Final answer:
The minimum thickness of the aluminum foil calculated using a Michelson interferometer and a He-Ne laser with a wavelength of 632.8 nm, with a fringe shift of 27, is 4.2764 micrometers.
Step-by-step explanation:
The minimum thickness of an aluminum anti-intrusion plate can be calculated using a Michelson interferometer and the properties of light interference.
When the movable mirror of the interferometer, which is mounted on a micrometer, clamps down on the aluminum foil, a difference of 27 fringes is observed in the interference pattern.

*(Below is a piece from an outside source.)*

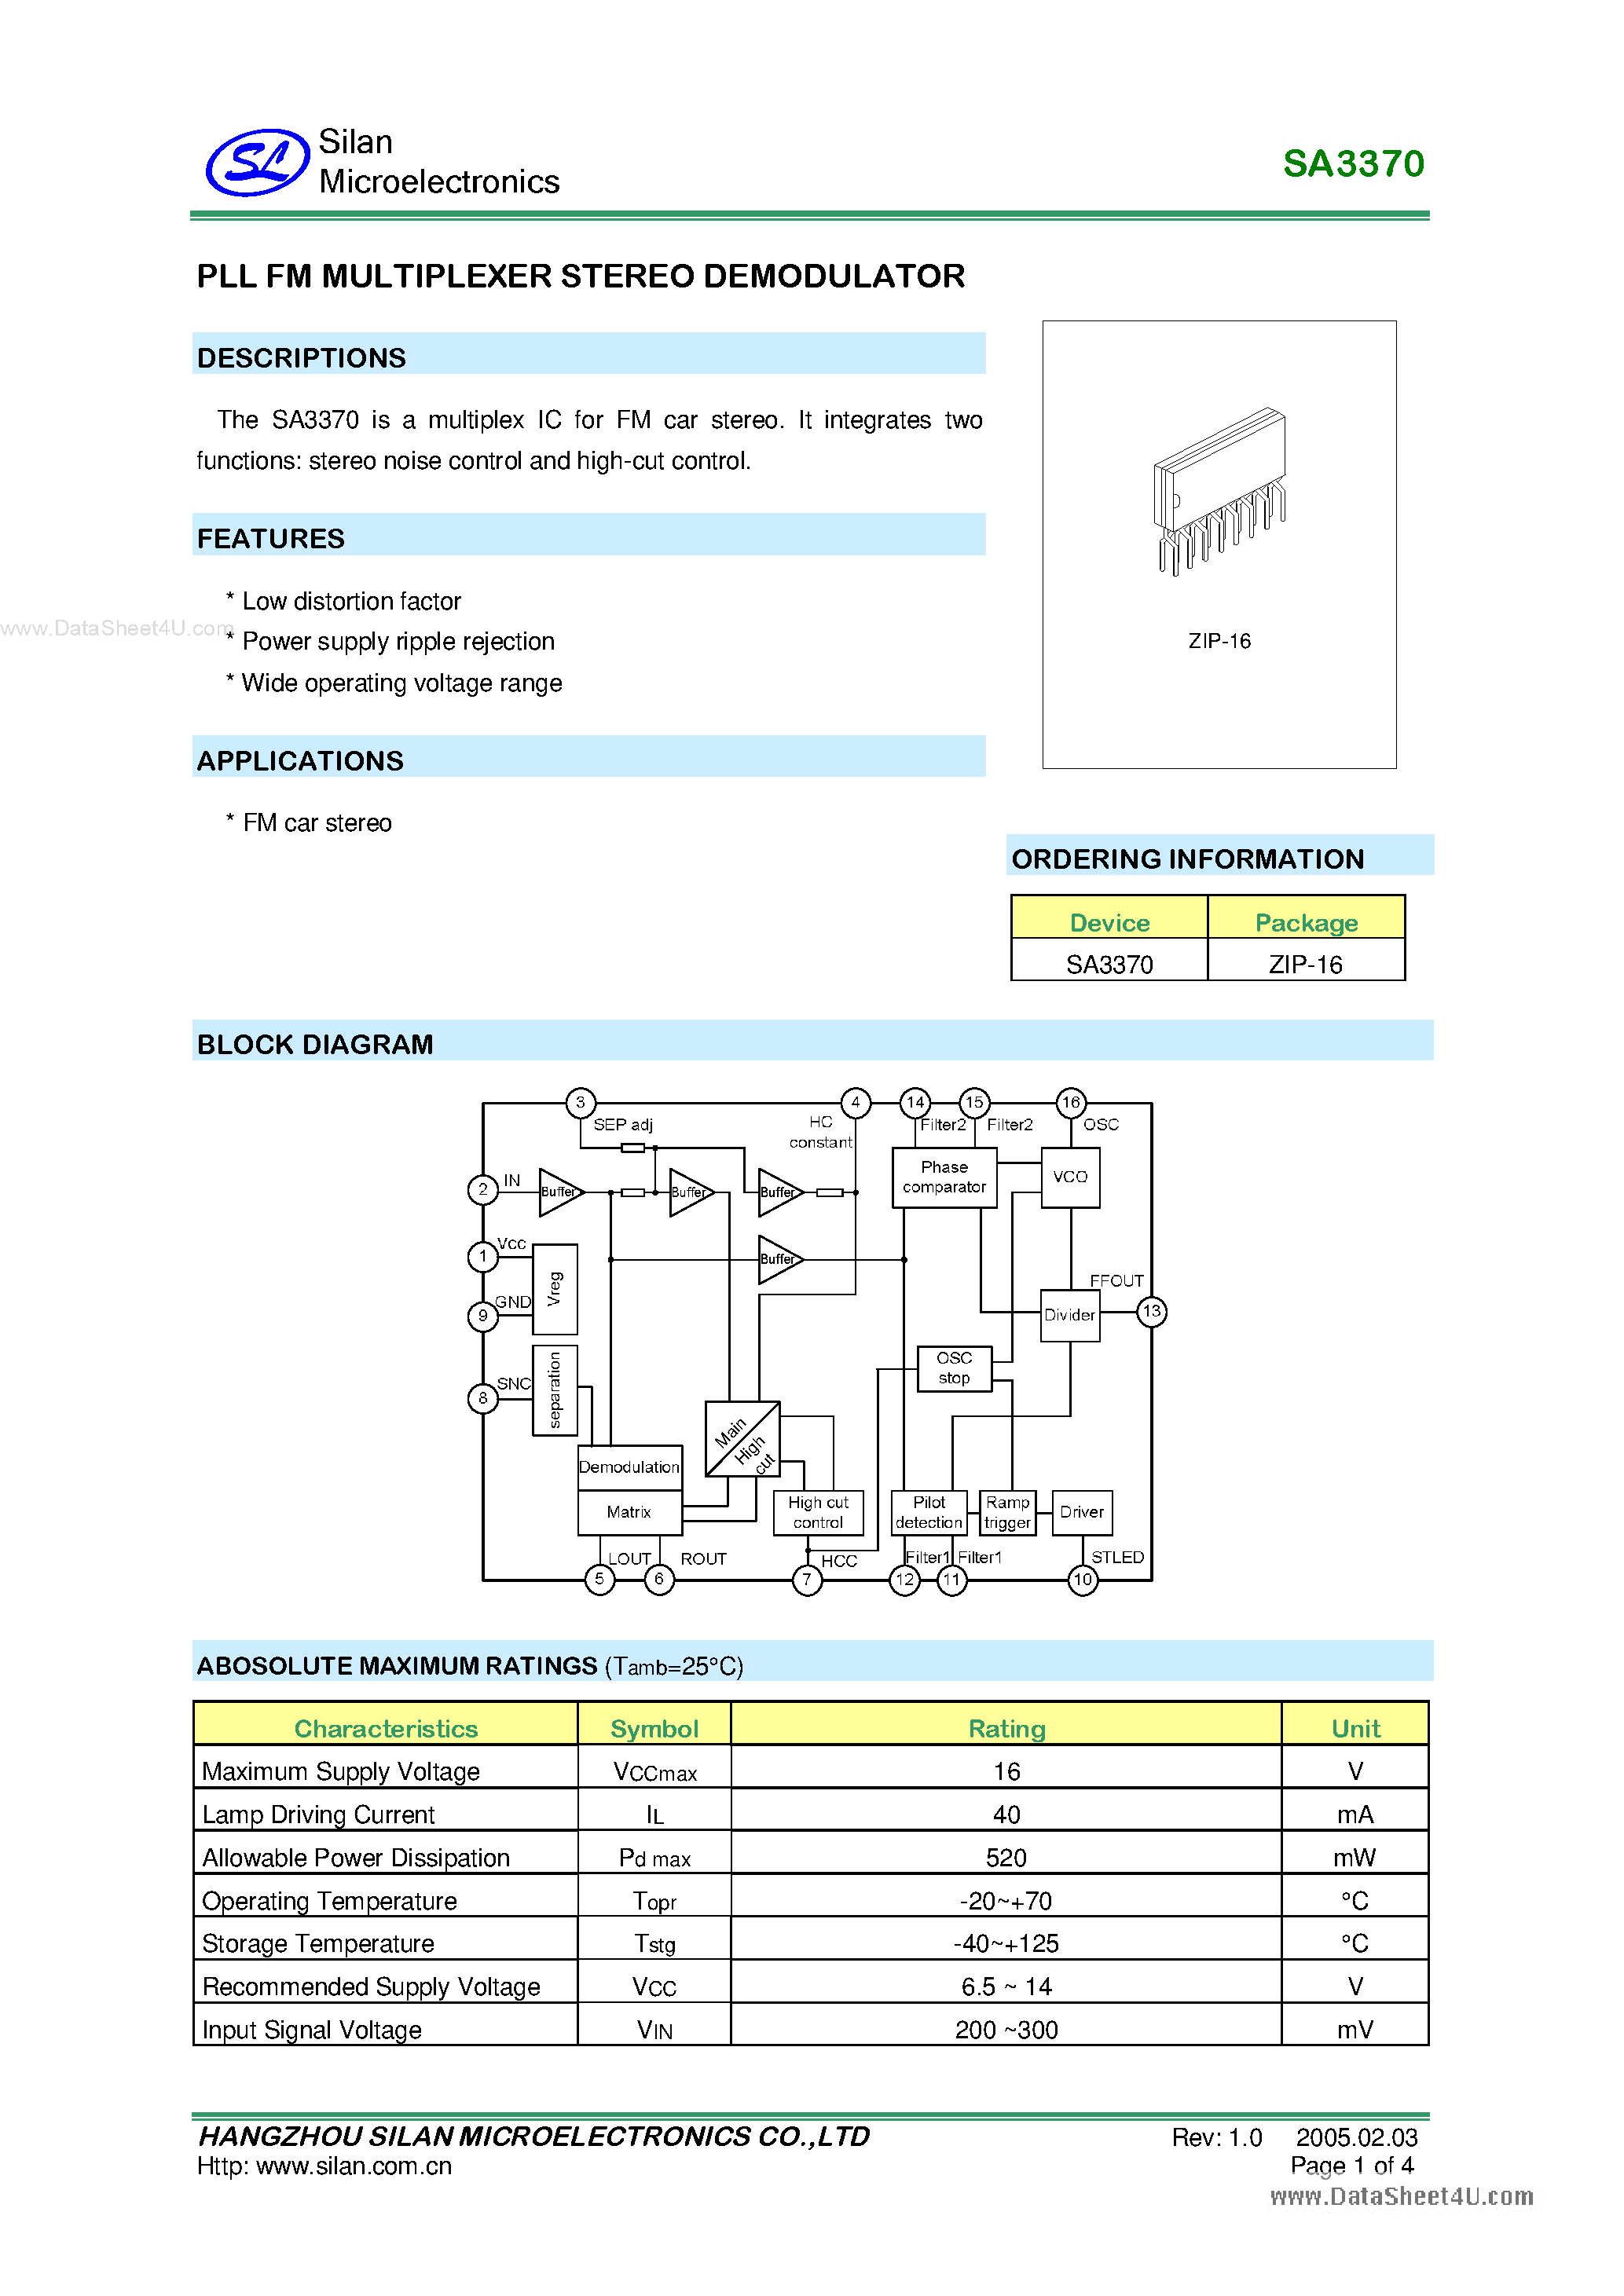 Datasheet SA3370 - PLL FM Multiplexer Stereo Demodulator page 1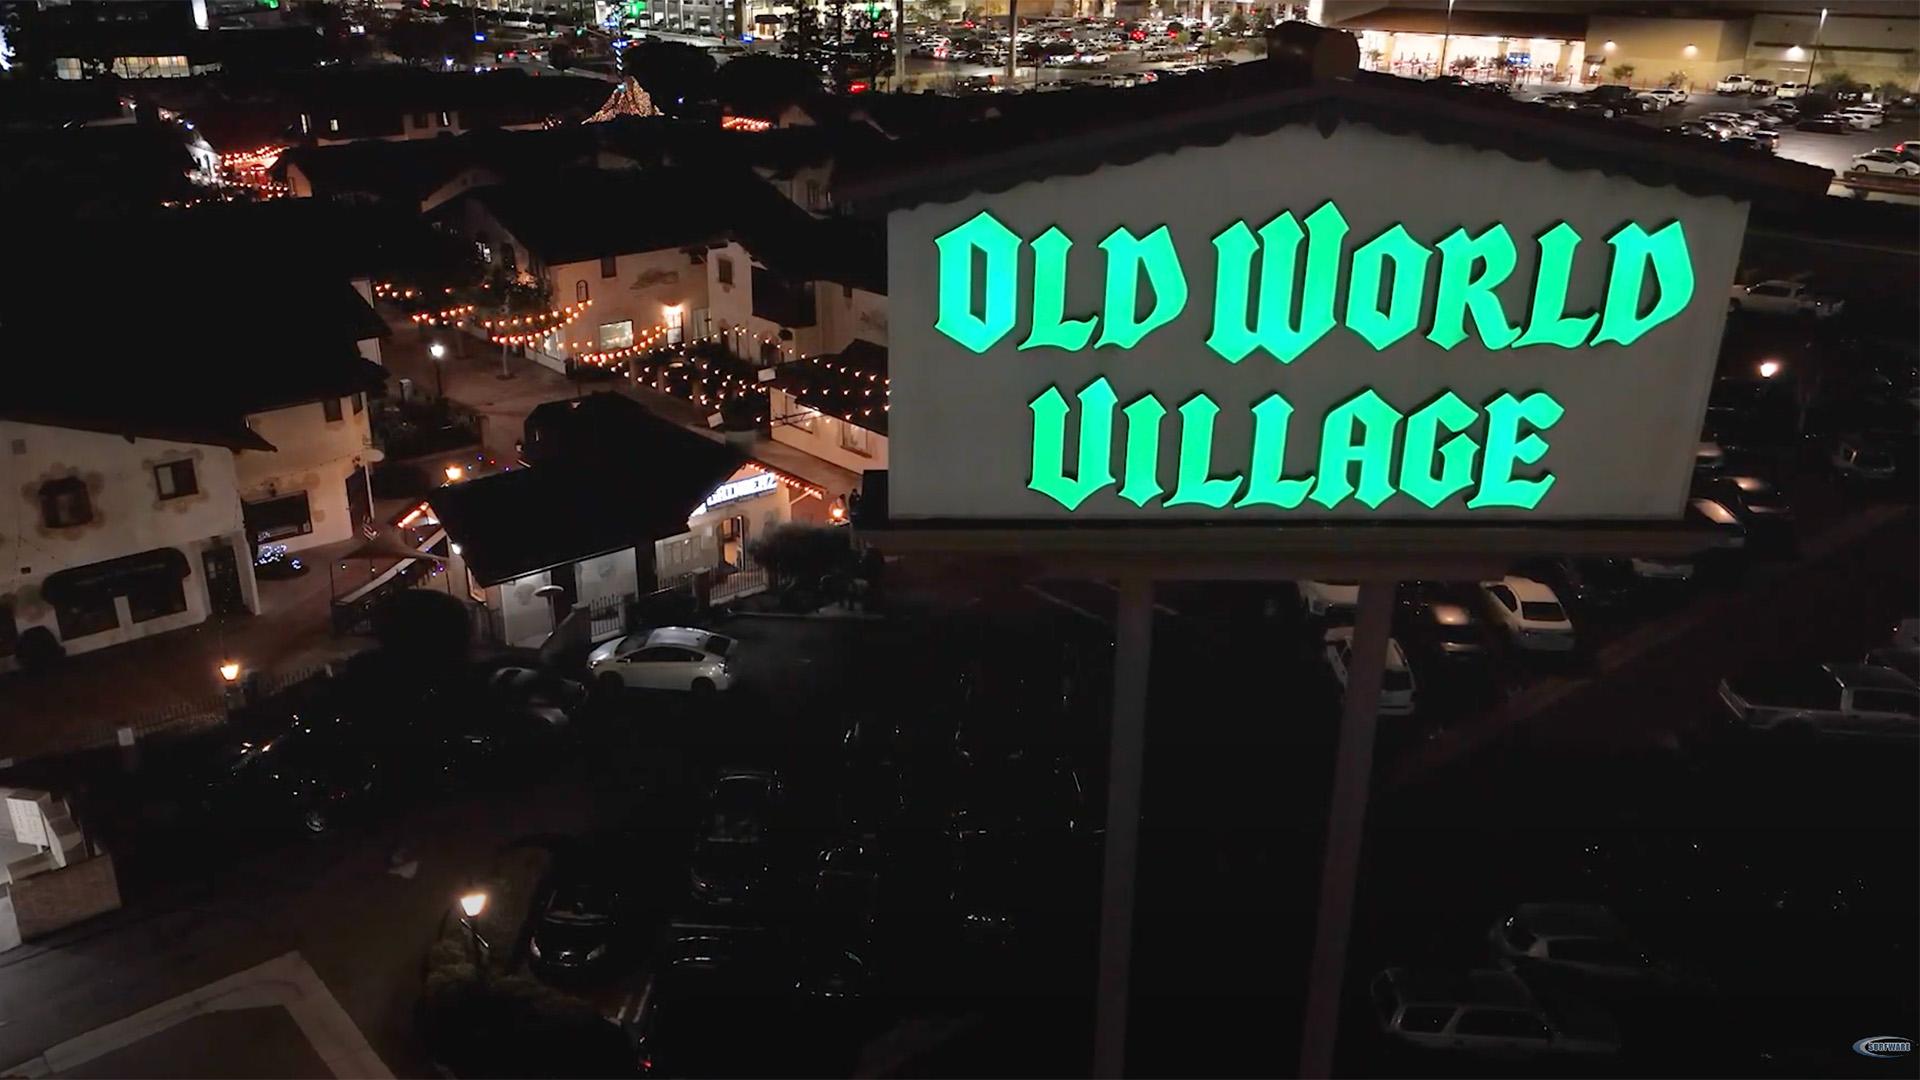 The Old World Village at Night

This fringe shift can be related to the thickness of the aluminum foil since each fringe represents a full wavelength shift of the light source, which in this case is a He-Ne laser with a wavelength of 632.8 nm (nanometers). The calculation follows this formula:
Thickness of the aluminum foil = (Number of fringes × Wavelength of light) / 2
Thickness = (27 fringes × 632.8 nm) / 2
Thickness = (27 × 632.8 nm) / 2
Thickness = 8,552.8 nm / 2
Thickness = 4,276.4 nm
Thickness = 4.2764 μm (micrometers)
Therefore, the minimum thickness of the aluminum foil measured using the Michelson interferometer and the given information is 4.2764 micrometers.